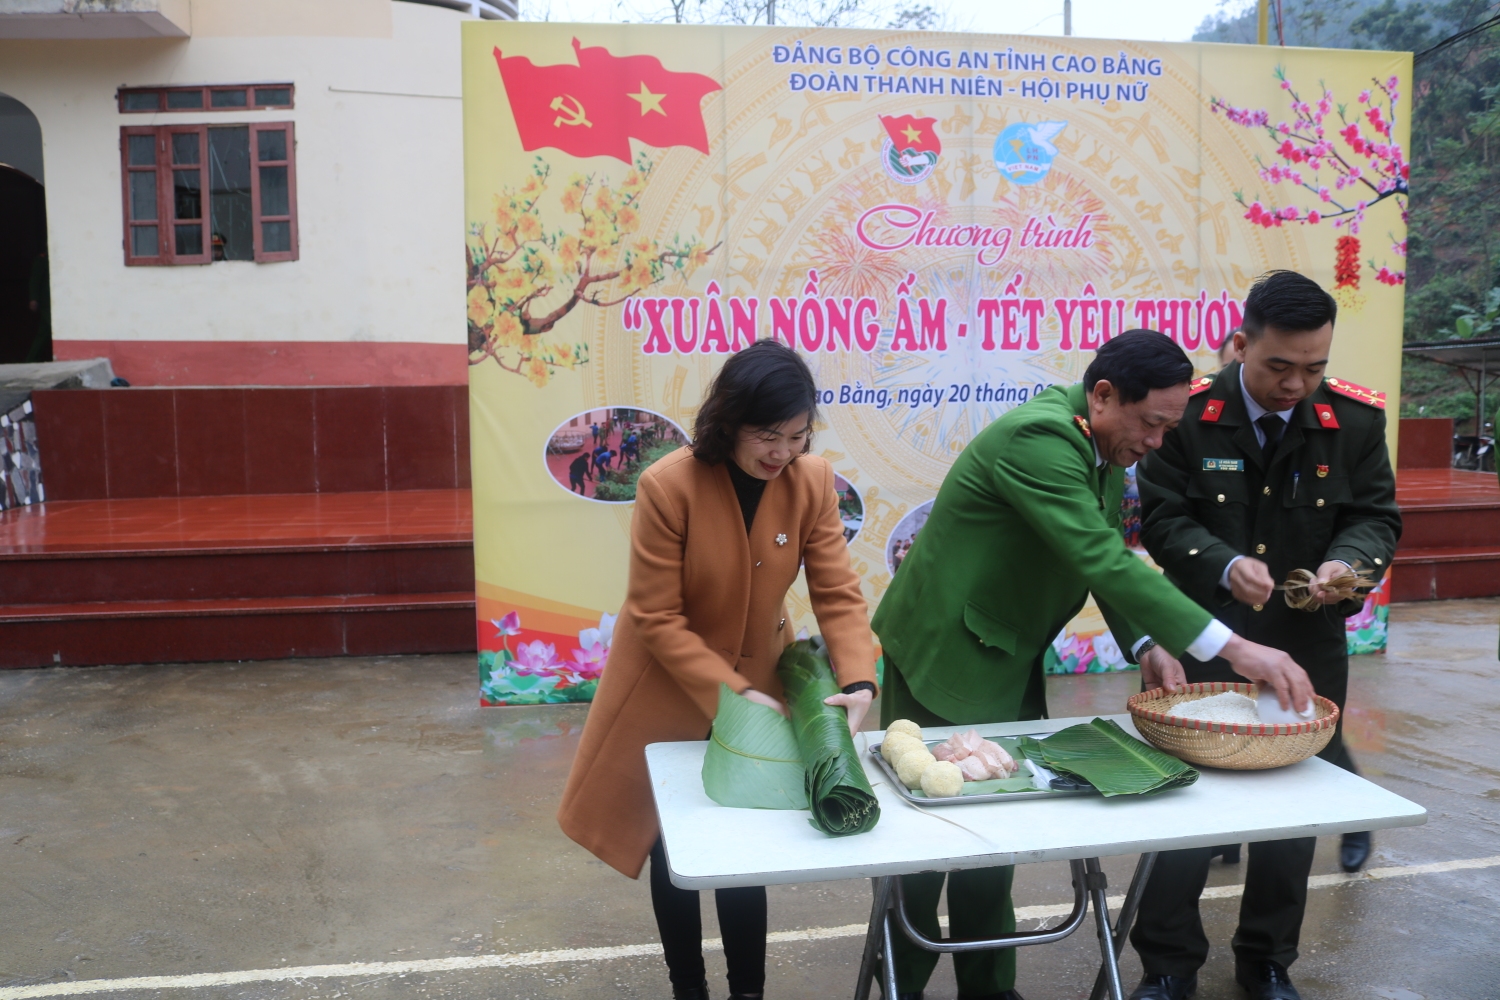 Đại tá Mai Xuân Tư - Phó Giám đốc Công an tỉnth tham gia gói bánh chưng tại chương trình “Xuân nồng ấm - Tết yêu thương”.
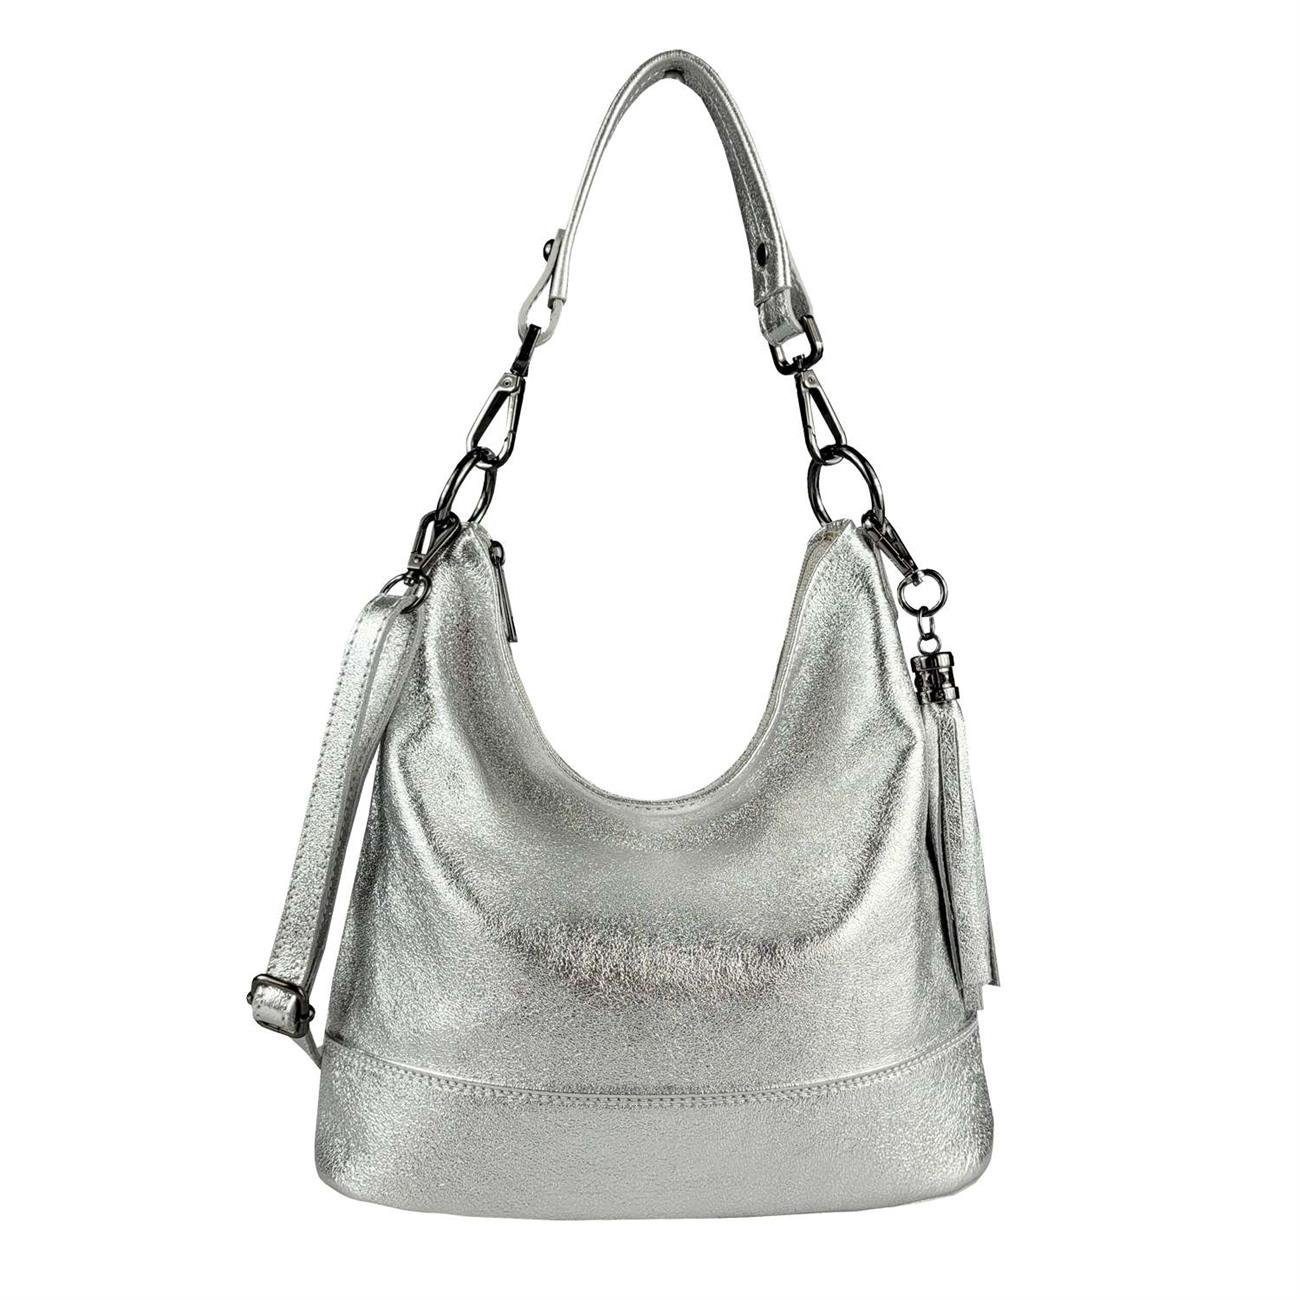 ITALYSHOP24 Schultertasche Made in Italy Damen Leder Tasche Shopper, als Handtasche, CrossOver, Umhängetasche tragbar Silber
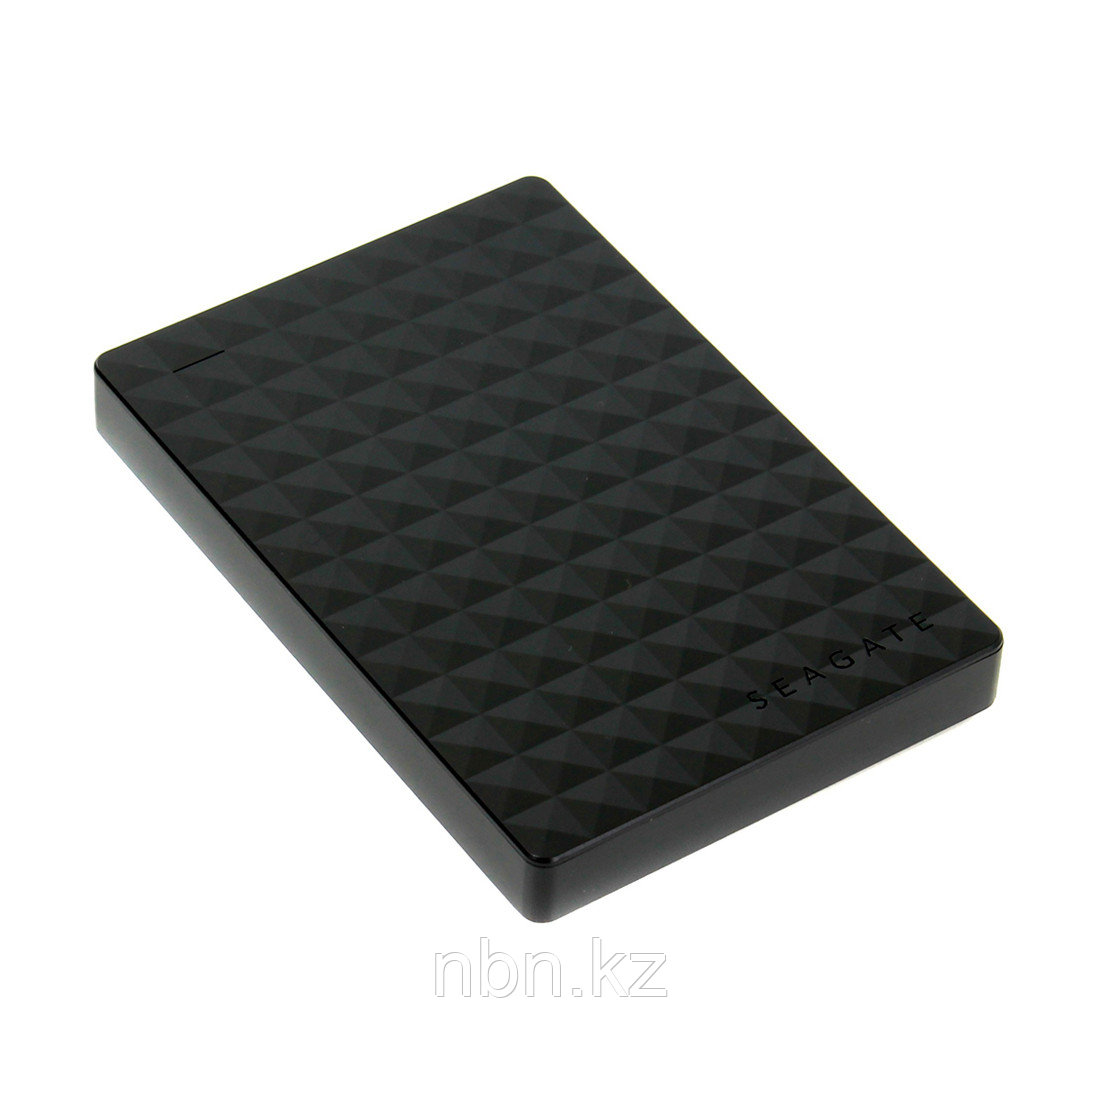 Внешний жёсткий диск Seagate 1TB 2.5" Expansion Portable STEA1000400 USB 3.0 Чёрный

▬▬▬▬▬▬

# WHAT NEEDS TO BE DONE:
Verbatim output, no pictures: the line holding "ITALYSHOP24 Schultertasche Made" and all lines after it through the last line of the material, with nothing else.

# RESPONSE TO THIS EXERCISE:
 ITALYSHOP24 Schultertasche Made in Italy Damen Leder Tasche Shopper, als Handtasche, CrossOver, Umhängetasche tragbar Silber
 Внешний жёсткий диск Seagate 1TB 2.5" Expansion Portable STEA1000400 USB 3.0 Чёрный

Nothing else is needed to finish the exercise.